Um grupo que envolve cientistas do
Instituto Butantan, da Universidade de São Paulo (USP) e de instituições
internacionais descobriu o mecanismo pelo qual o macaco rhesus (Macaca mulatta) desenvolve naturalmente uma resposta
imune duradoura contra a esquistossomose. Essa resposta leva à autocura da
doença após um primeiro contato com o parasita Schistosoma
mansoni e, além disso, possibilita que o organismo do animal
reaja com mais rapidez a uma segunda infecção.

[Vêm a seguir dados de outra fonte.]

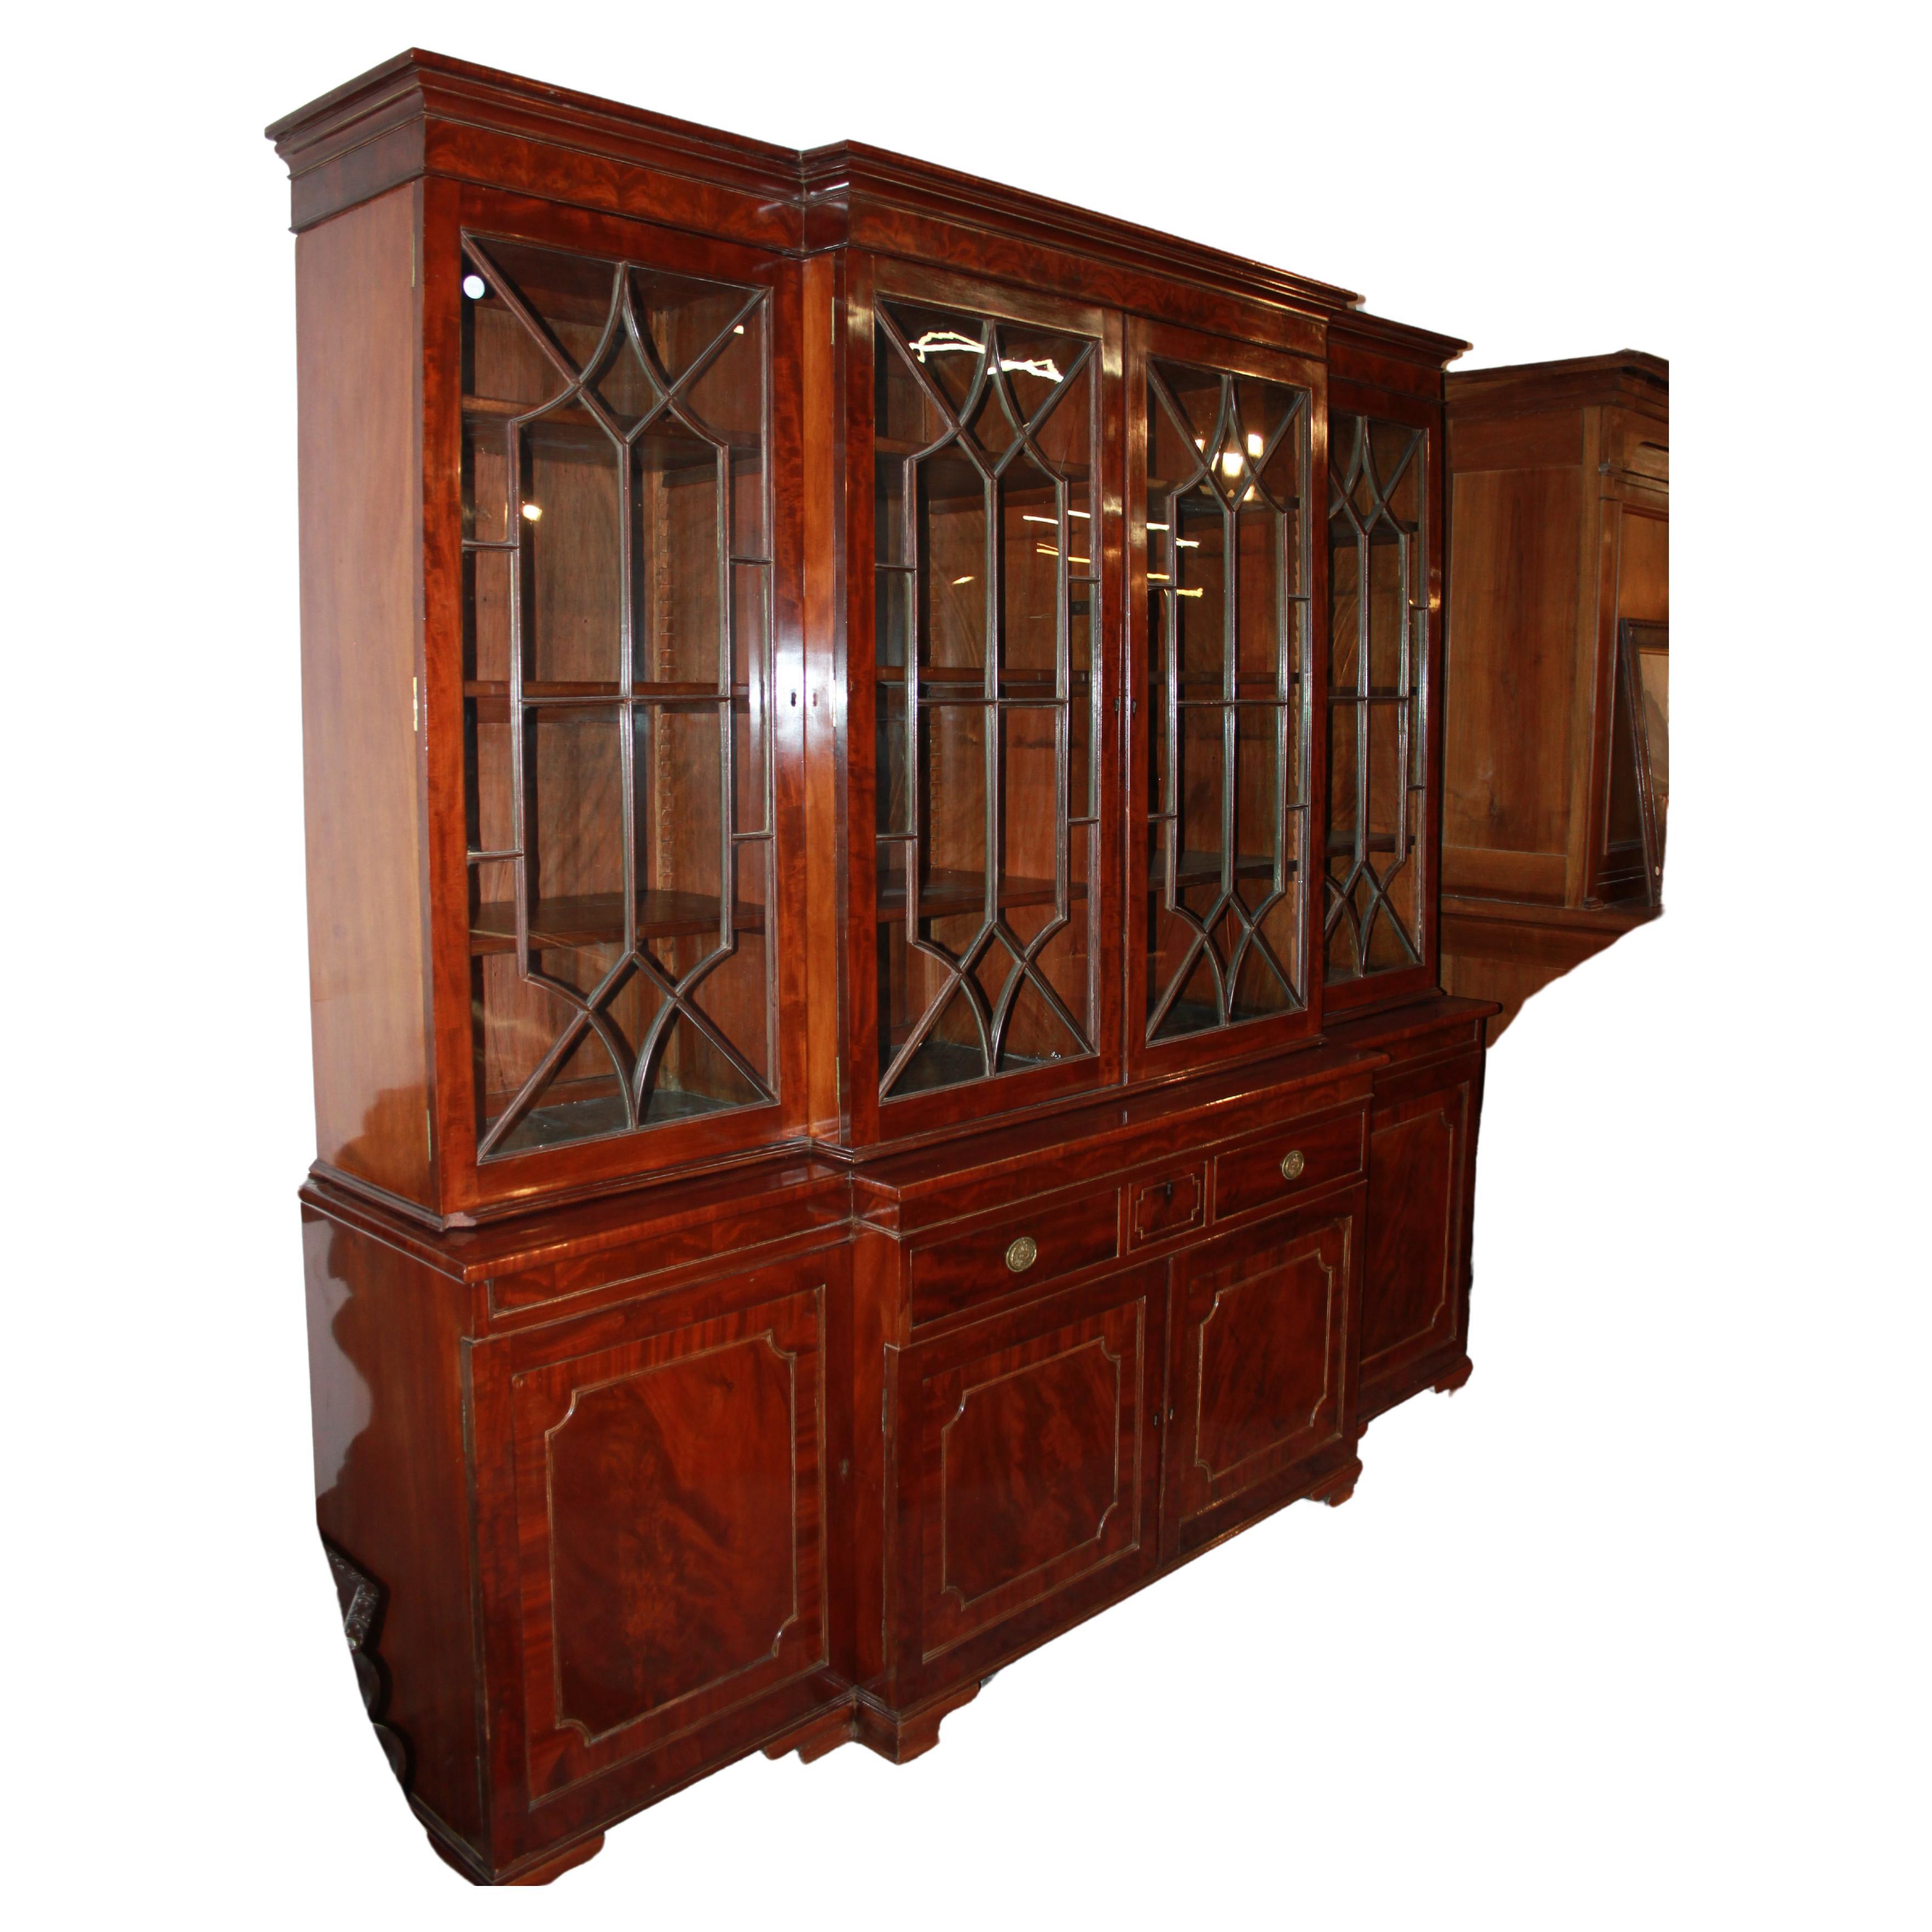 Large 4-door Mahogany English Bookcase from the 1800s Regency era For Sale

O trabalho, que recebeu apoio da
FAPESP, identificou nove genes da via de autofagia do parasita inibidos pela
defesa imune do primata, impedindo que o Schistosoma se
multiplique e contamine o hospedeiro. A autofagia é um processo que dá origem à
degradação de componentes da própria célula utilizando organelas conhecidas
como lisossomos e desempenha função no crescimento celular, diferenciação e
homeostase.
“A via de autofagia, executada por
meio dos lisossomos que fazem a ‘limpeza’ das células, é afetada no parasita
pelos anticorpos do macaco. Essa via é importante para a fisiologia basal
do Schistosoma mansoni e não havia sido demonstrado
seu envolvimento na autocura. Pelo contrário, foi pouco estudada até agora”,
diz Murilo Sena Amaral,
pesquisador do Laboratório de Parasitologia do Instituto Butantan e primeiro
autor do artigo, em entrevista à Agência FAPESP.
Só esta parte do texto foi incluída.